MusiGames, a Brazilian-based mobile games company, said it has raised $1.5 million in capital and grants to develop more music titles for Apple’s App Store. The announcement is being made today at Macworld in San Francisco.
Participants in the round include Criatec Fund, a Brazilian seed capital group, and Brazilian innovation agencies, including the FINEP/Facepe and CNPq. The company, which produced the hit-seller “Drums Challenge,” said it plans to launch eight games in 2010, and will be demonstrating some of them at the show this week.

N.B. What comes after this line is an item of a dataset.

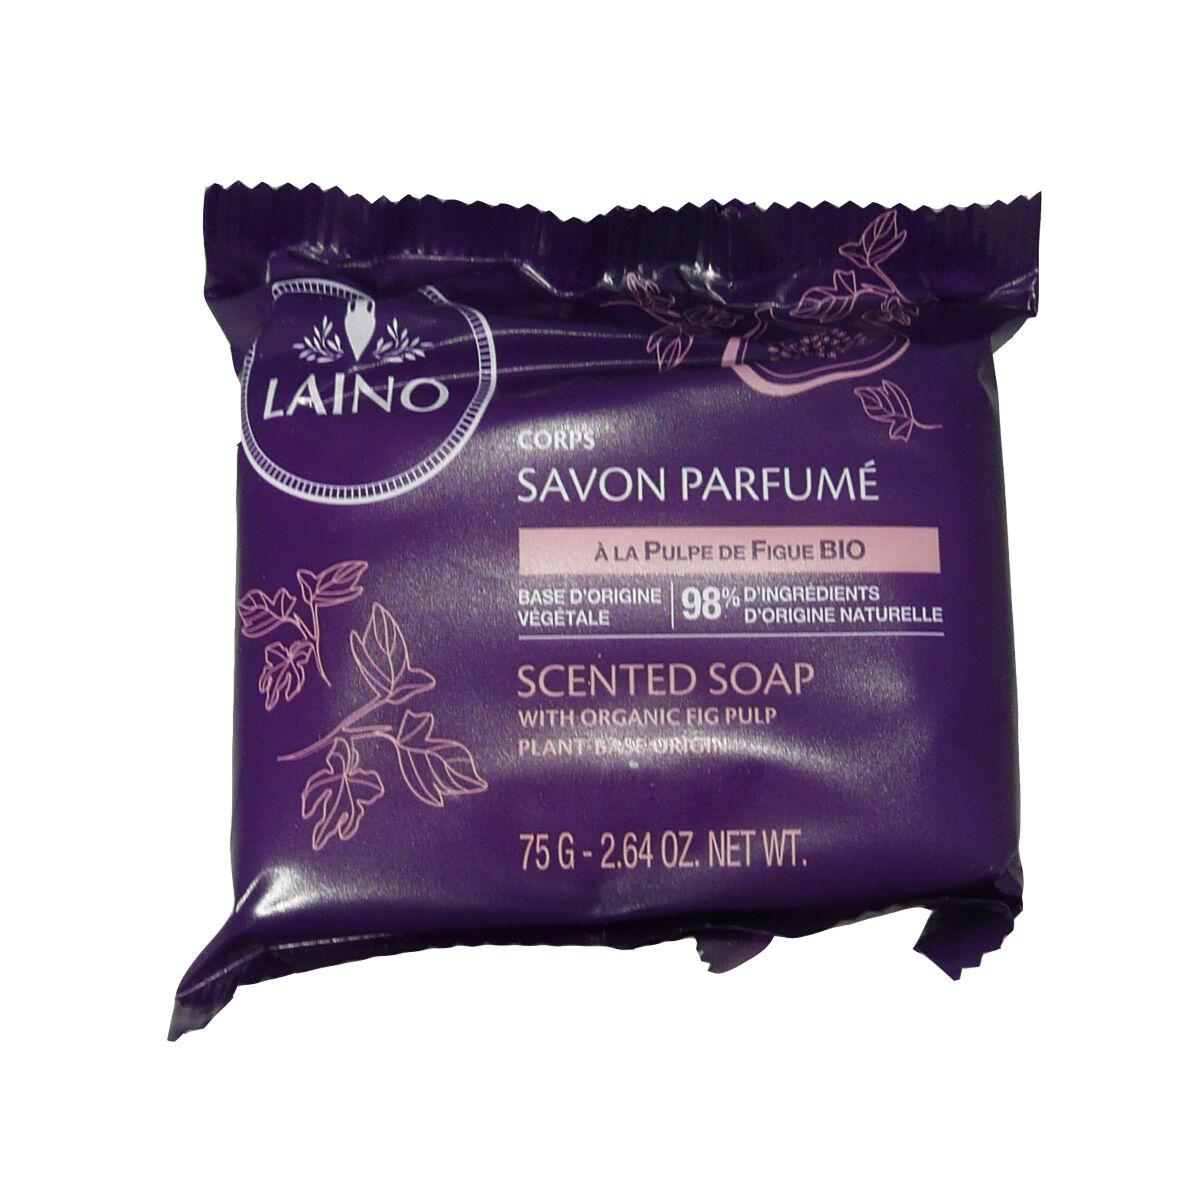 Laino savon parfume a la pulpe de figue bio 75 g
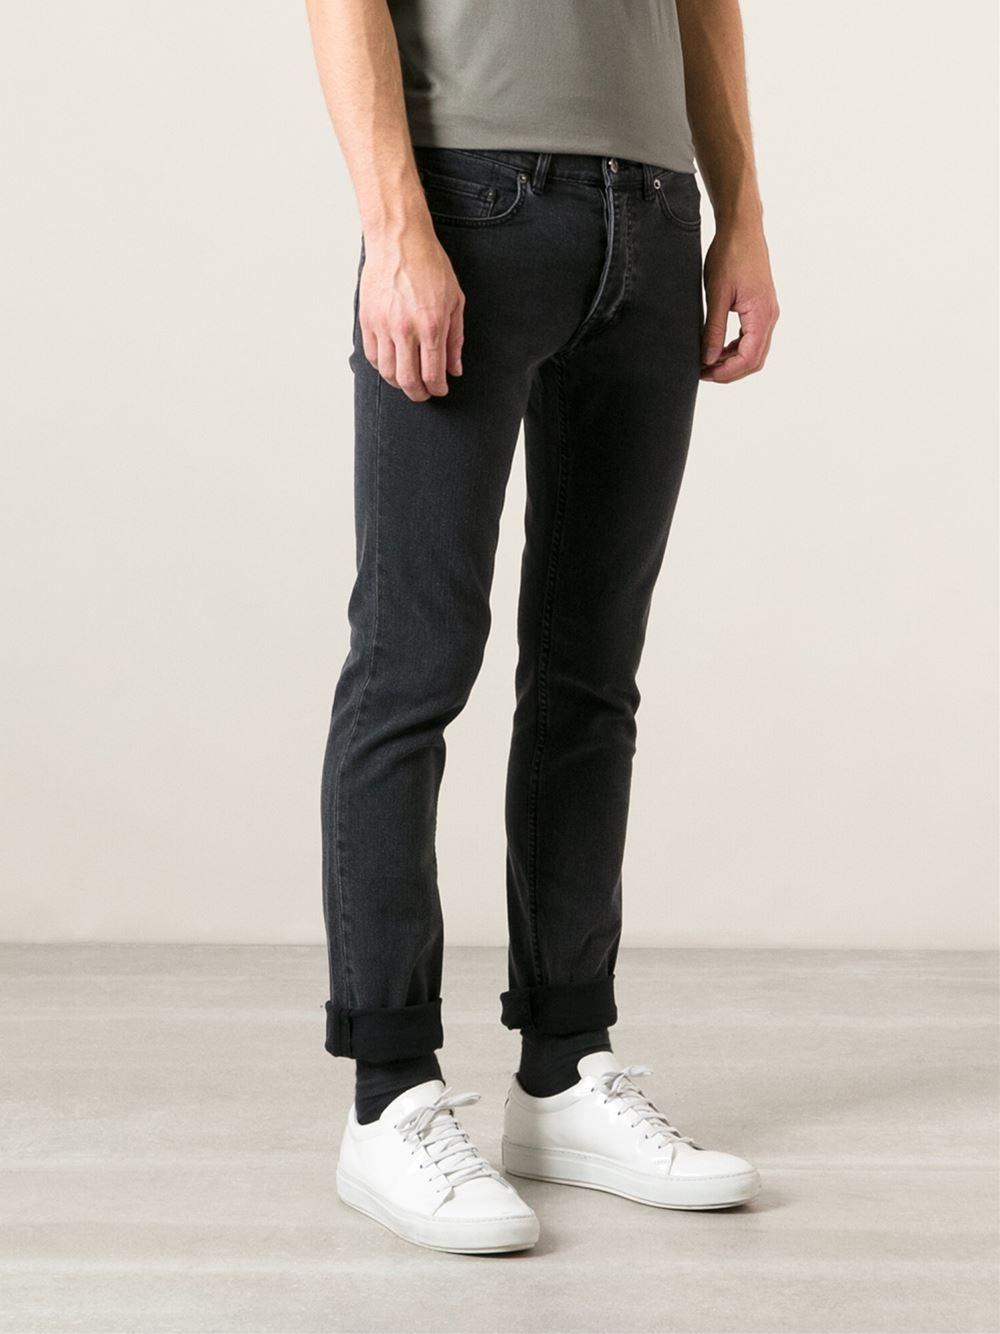 Lyst - Acne Studios Straight Leg Jeans in Black for Men 644bf21f5ec

» Microsoft (NSDQ: MSFT) and Google (NSDQ: GOOG) have teamed up with Taiwanese chipset vendor MediaTek to better appeal to China, India and other emerging markets. [PCWorld]
» A comparison video of Nexus One vs. iPhone explains why it’s difficult for developers to work with the Google phone. [PocketGamer]
» Cisco (NSDQ: CSCO) reports global mobile data traffic has increased 160 percent over the past year to 90 petabytes per month, the equivalent of 23 million DVDs. [Release]
» Next version of Microsoft’s MyPhone service will probably be Silverlight-based and enable syncing among social networks’ status/info. [MobileTechWorld]
» ComScore (NSDQ: SCOR) mobile research finds BlackBerry is still the leading smartphone with 41 percent share. [Release]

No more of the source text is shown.